_Data below_.
┄┄┄┄┄┄┄┄┄┄

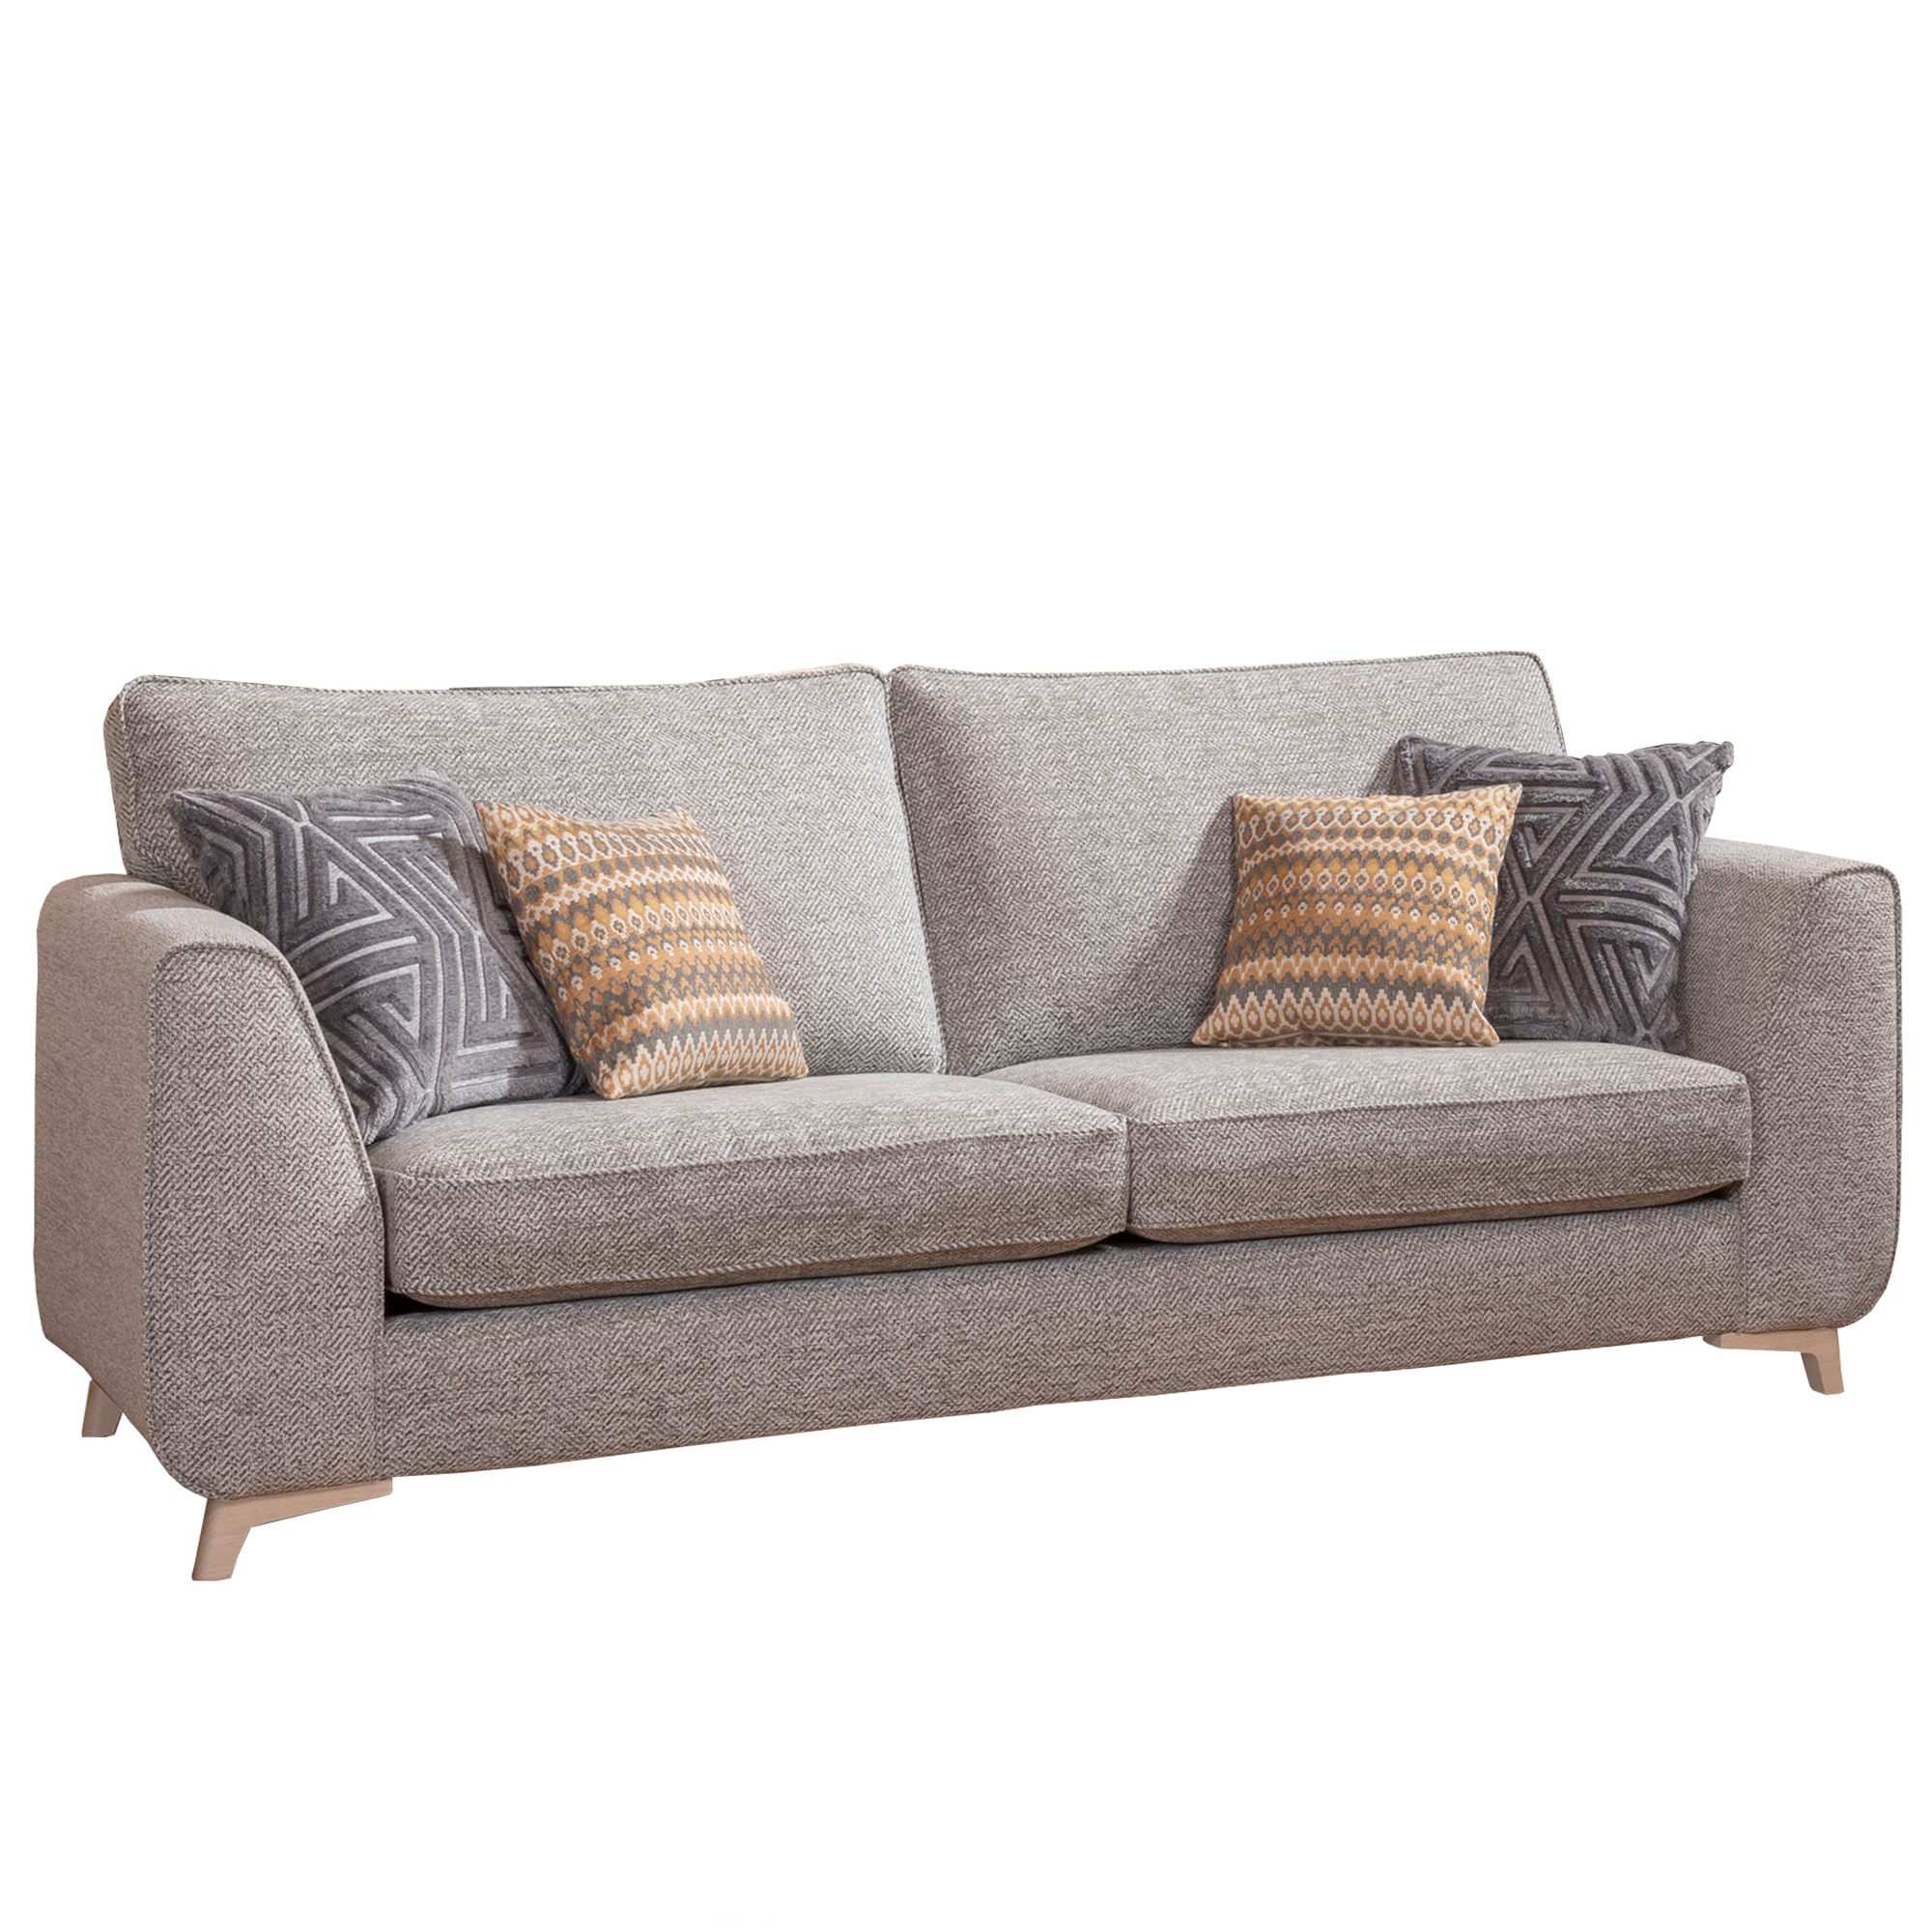 Cookes Collection Hallie Grand Sofa All Sofas Cookes Furniture
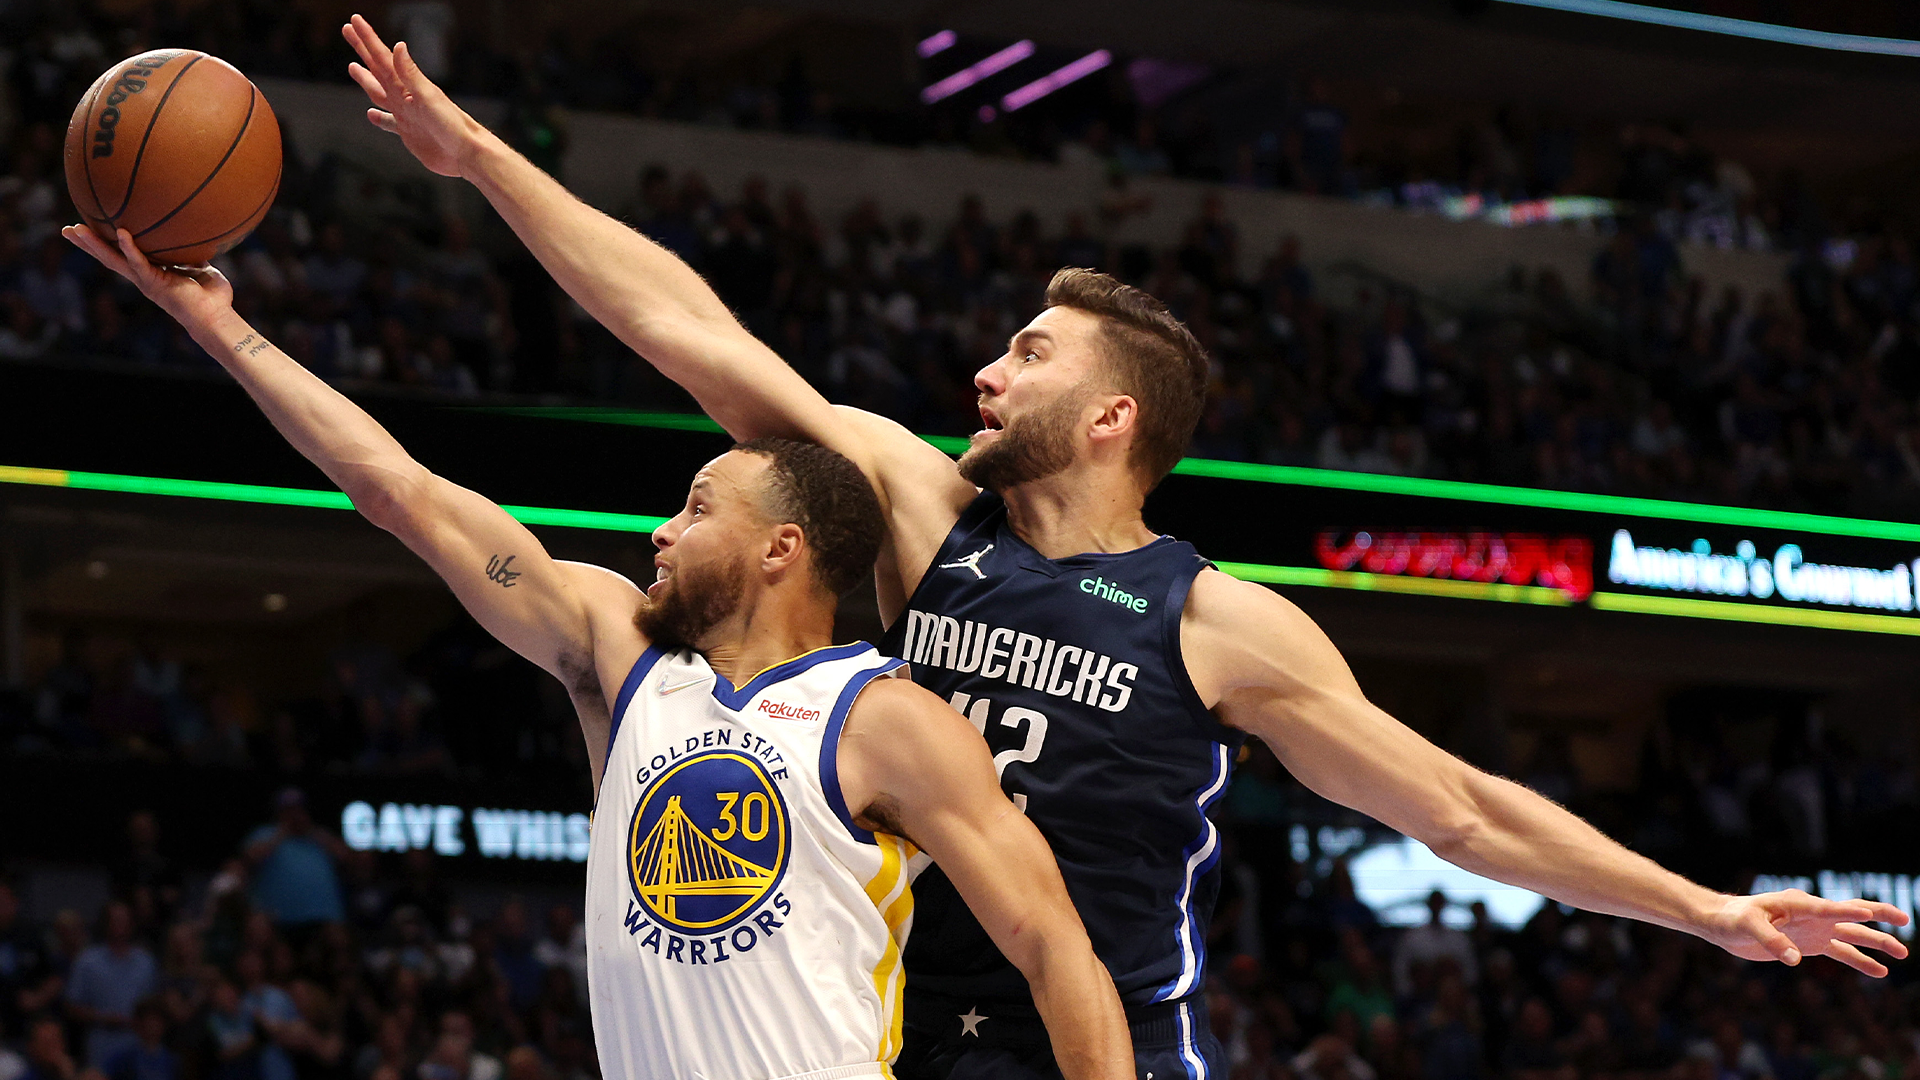 Luka Doncic leads Dallas Mavericks to victory against Golden State Warriors  to avoid WCF sweep
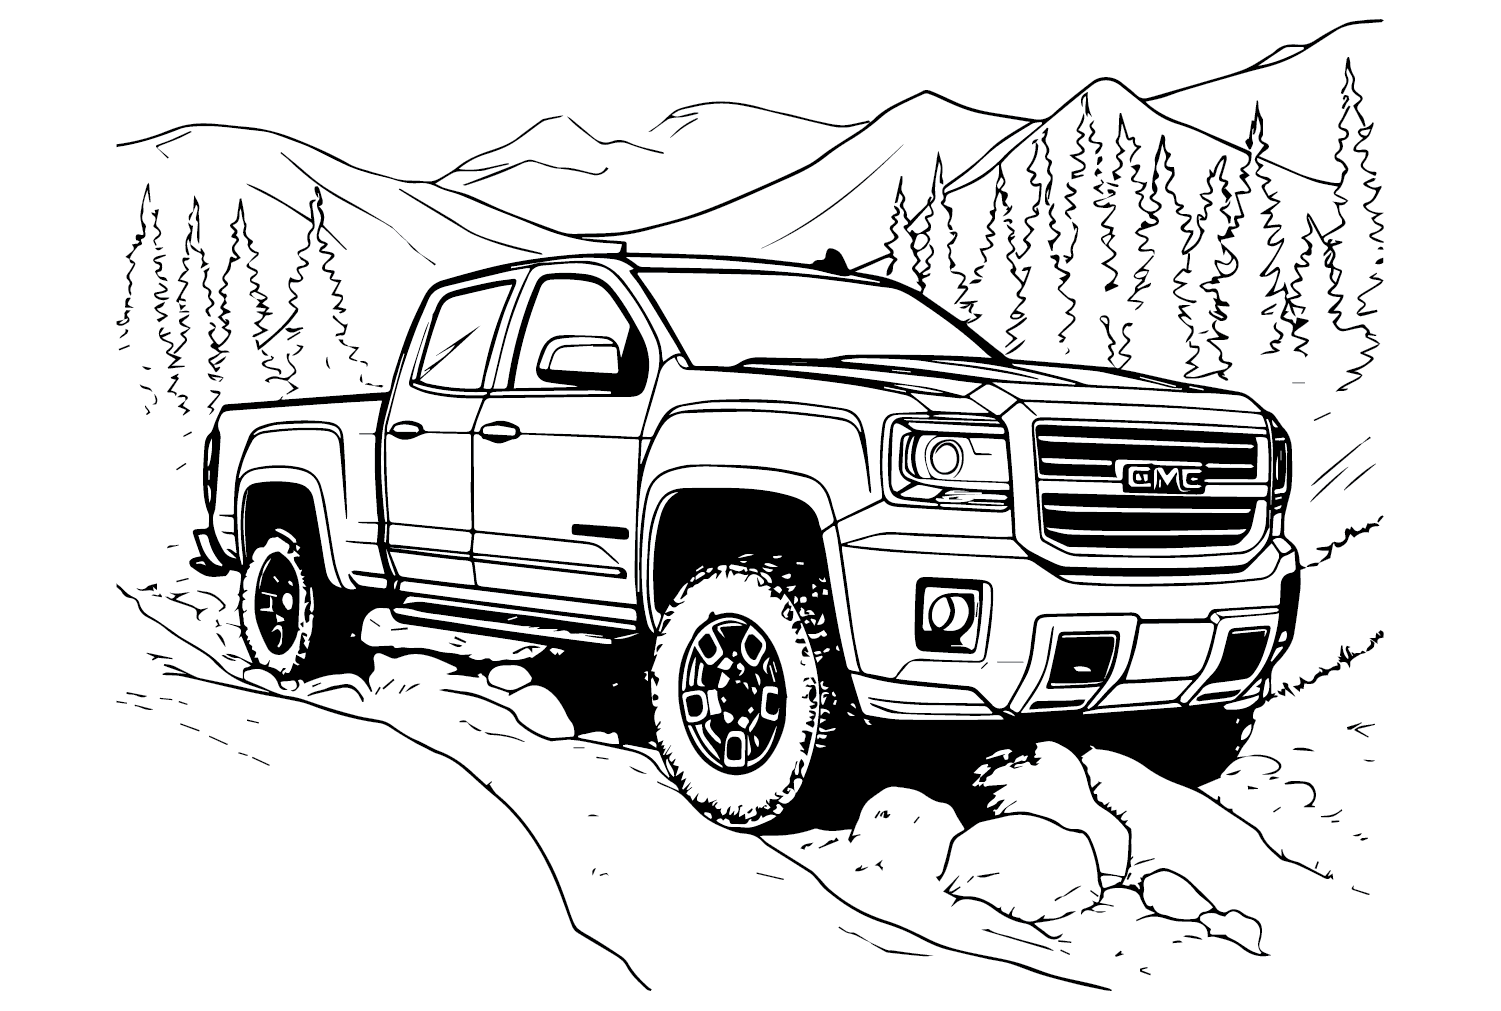 Gmc coloring pages

┄┄┄┄┄┄┄┄┄┄

_Exercise prompt_. Output each line above exactly. Skip the images.

_Output for this exercise_.
 Cookes Collection Hallie Grand Sofa All Sofas Cookes Furniture
 Luka Doncic leads Dallas Mavericks to victory against Golden State Warriors  to avoid WCF sweep
 Gmc coloring pages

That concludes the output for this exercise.